Oklahoma football: Sooners head a Big 12 bowl belly flop
By Chip Rouse
It was not a good bowl season for Big 12 teams, and the 35-point Oklahoma football belly flop against LSU was the saddest of the lot.
Six Big 12 teams, or 60 percent of the conference, went bowling this season, with both the Sooners and Baylor earning New Year’s Six Bowl assignments. But only one of the six, Texas, came away with a win.
The 1-5 postseason record by the Big 12 this season was the worst of all five Power conferences and the poorest showing by Big 12 bowl participants since the conference was formed in 1996.
Three of the five Big 12 losses in bowl games this season were against teams out of the SEC.
Texas A&M overcame a 14-0 deficit to Oklahoma State, scoring 24 unanswered points and holding on for a 24-21 victory in the Texas Bowl.
Top-ranked LSU dismantled the No. 4 Sooners, rolling up a 63 points in a decisive 63-28 win in one of the College Football Playoff national semifinals. The 63 points put up by the Ferrari-like LSU offense was the most against an Oklahoma team in 22 years. Nebraska scored 69 in a 69-7 win against the 1997 Sooner team coached by John Blake.
Georgia completed the SEC trifecta over the Big 12, defeating Big 12 runner-up and seventh-ranked Baylor 26-14 in the Sugar Bowl on New Year’s night.
Notre Dame won easily over Iowa State, 33-9, in the Camping World Bowl last Saturday in Orlando, Florida, and Navy upended Kansas State in the Liberty Bowl on New Year’s Eve in Memphis, Tennessee.

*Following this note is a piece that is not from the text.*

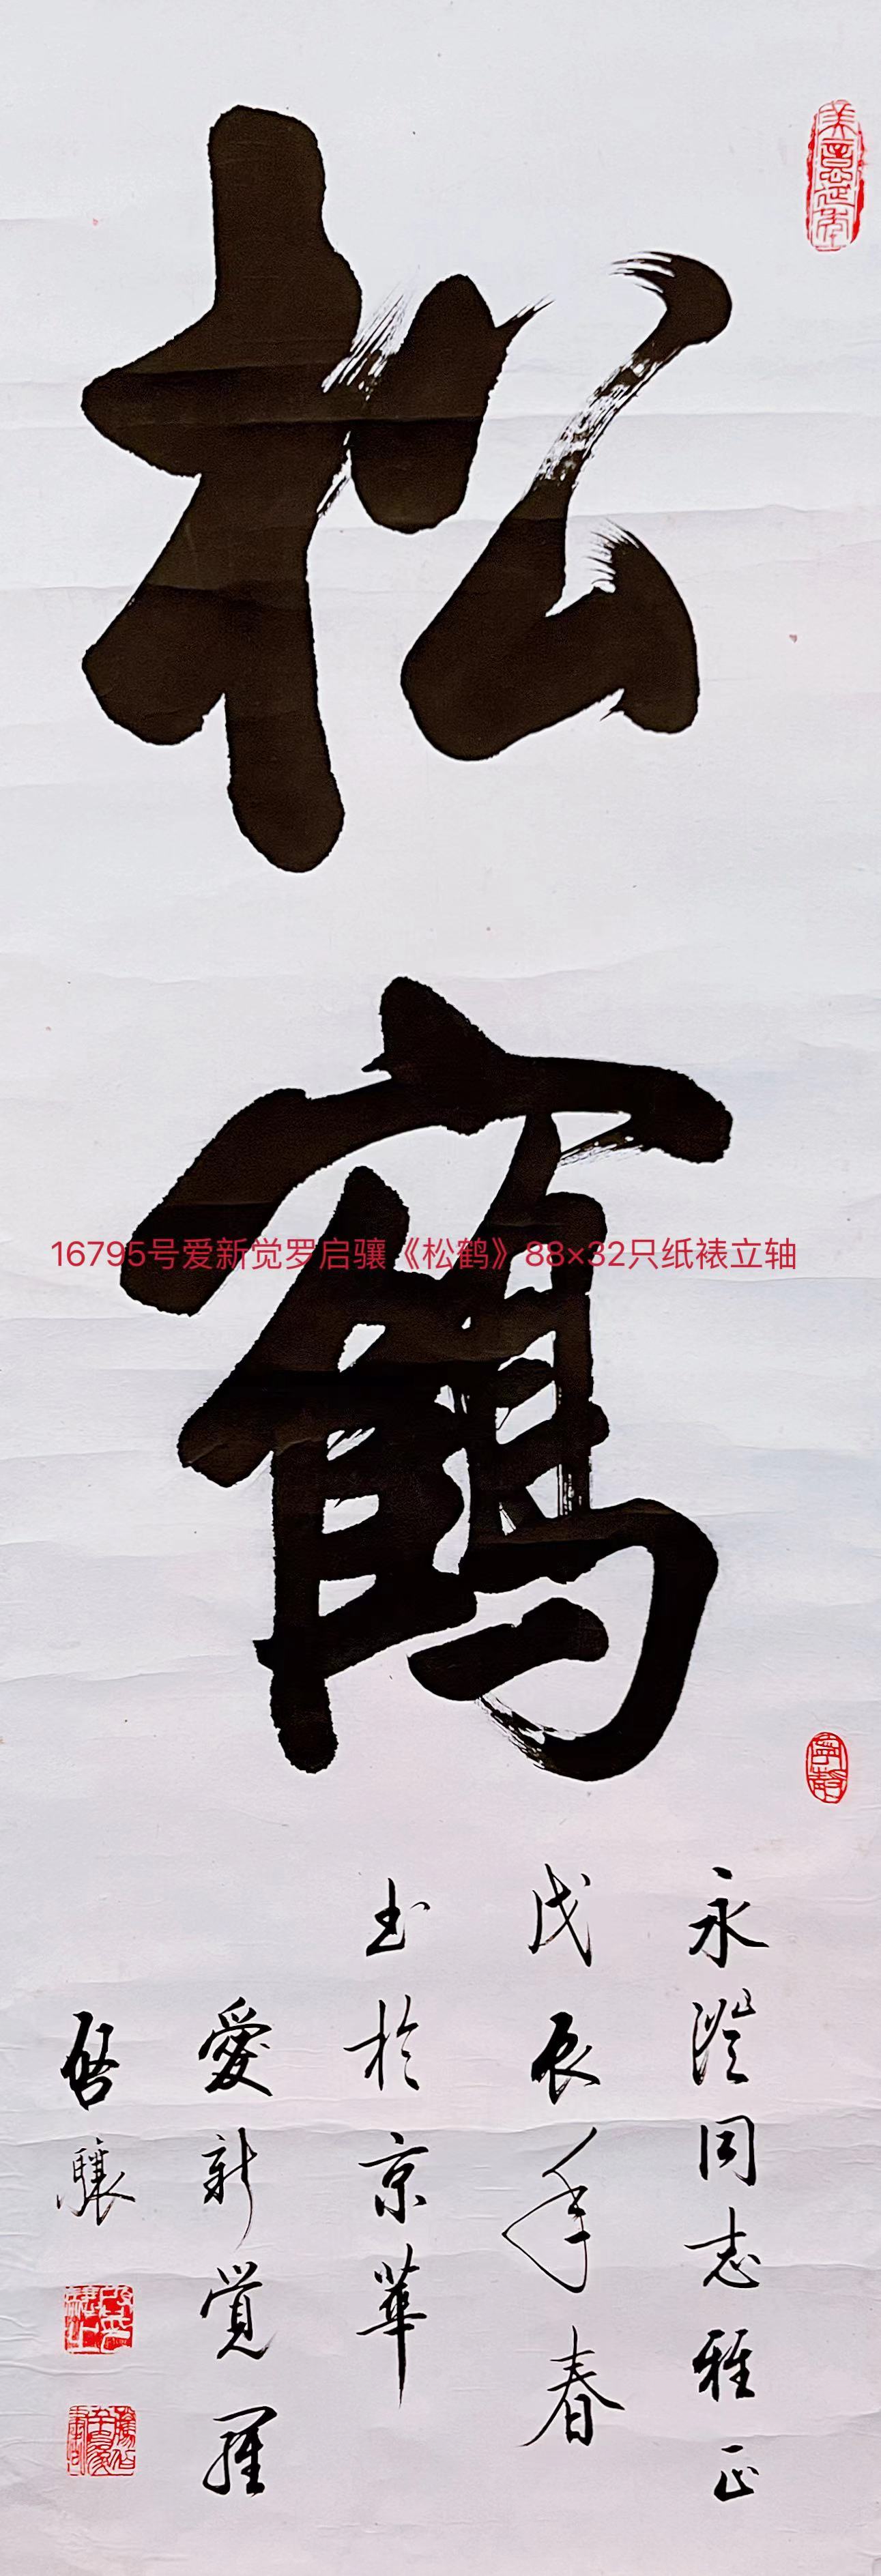 16795号爱新觉罗启骧《松鹤》88×32只纸裱立轴.jpg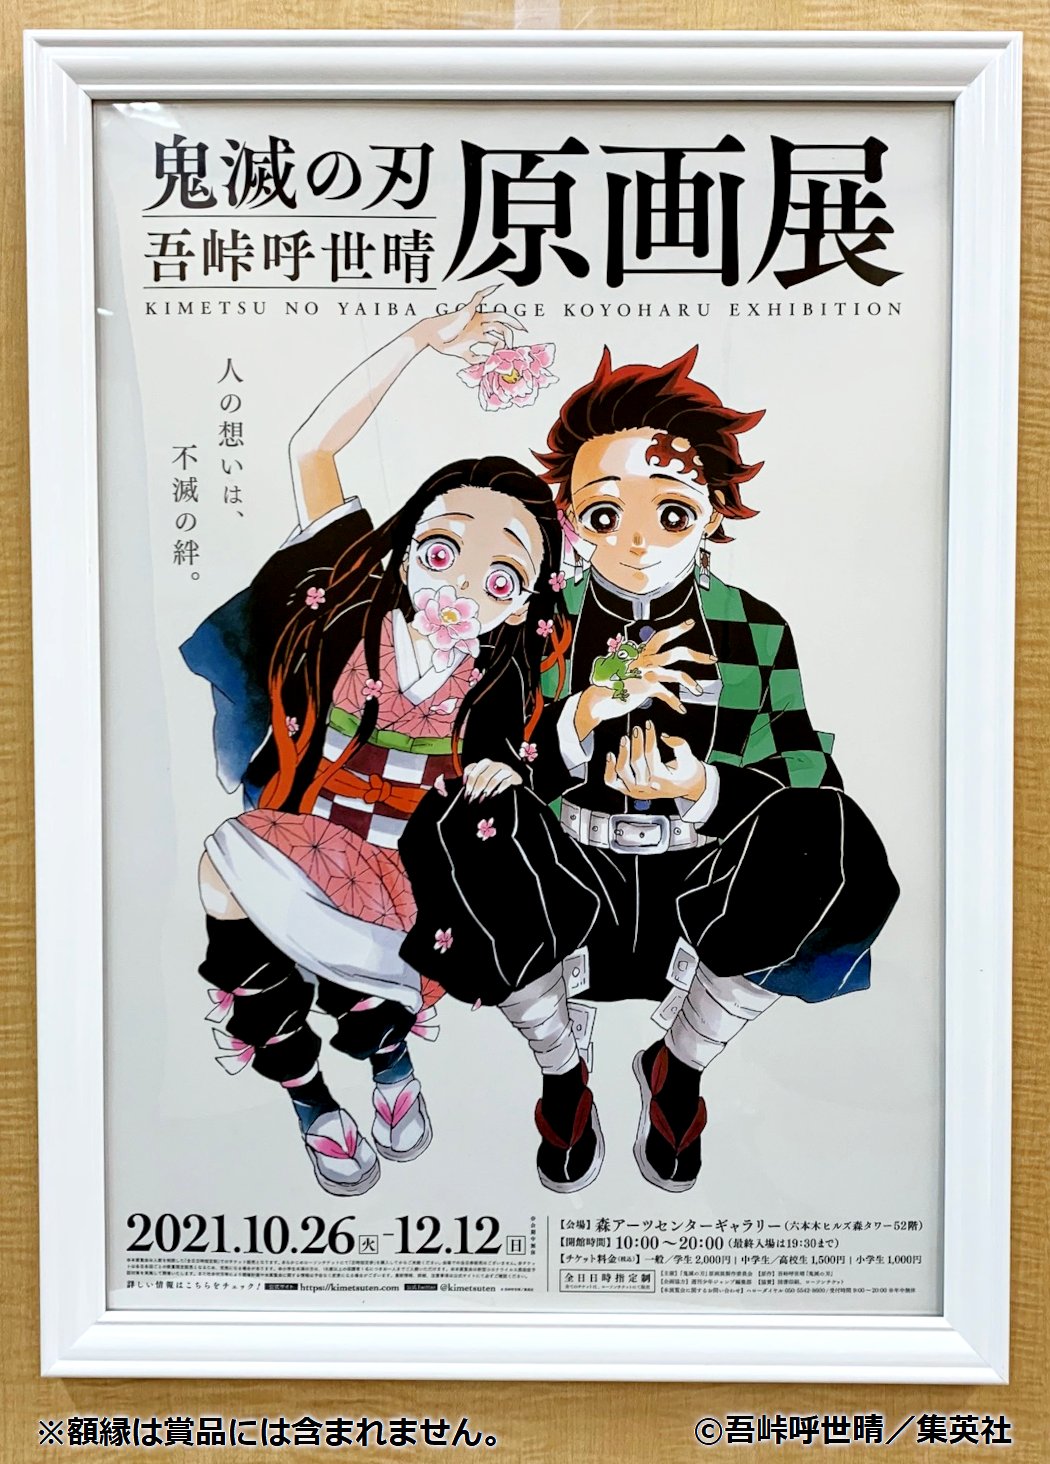 その他「魔法の手 ロッカクアヤコ作品展」展覧会オフィシャルポスター

Texas, which finished the 2019 season with a disappointing 7-5 record, was the lone survivor among the Big 12 bowl teams. The Longhorns exerted their physicality and a vicious running attack against the nation’s 12th-ranked team and the No. 1 rushing defense for a dominant 38-10 win over Utah.
Before this postseason, the previous worst bowl season by the Big 12 was in 2003, when the conference sent eight teams bowling (when the conference was at 12 members) but came away with only two wins in the eight games, including a 21-14 loss by Oklahoma to LSU in the BCS National Championship that season.
Unfortunately .500 or worse in postseason bowl competition has pretty much been the norm for teams out of the Big 12. Only 10 times since the conference came into being have Big 12 teams compiled a record of better than .500.
Over the past decade, Big 12 teams have compiled a bowl record of 35-38, and the conference is a collective 84-89 all-time in bowl competition.
Oklahoma missed the postseason the first three years after the Big 12 was formed. Since Bob Stoops was named the Sooners’ head coach, in 1989, Oklahoma has made 21 consecutive bowl appearances, including four appearances in the BCS championship game and four trips to the College Football Playoff. After its 2000 national championship victory, however, Oklahoma is 0 for 6 in national championship competition.
As successful as the Sooners have been in the Big 12 era, though, their postseason record (9-11) has unimpressive. And when they have been among the final two or four teams competing for college football’s biggest prize, they are fast becoming known as the team that somehow manages to get there but can’t win the big one.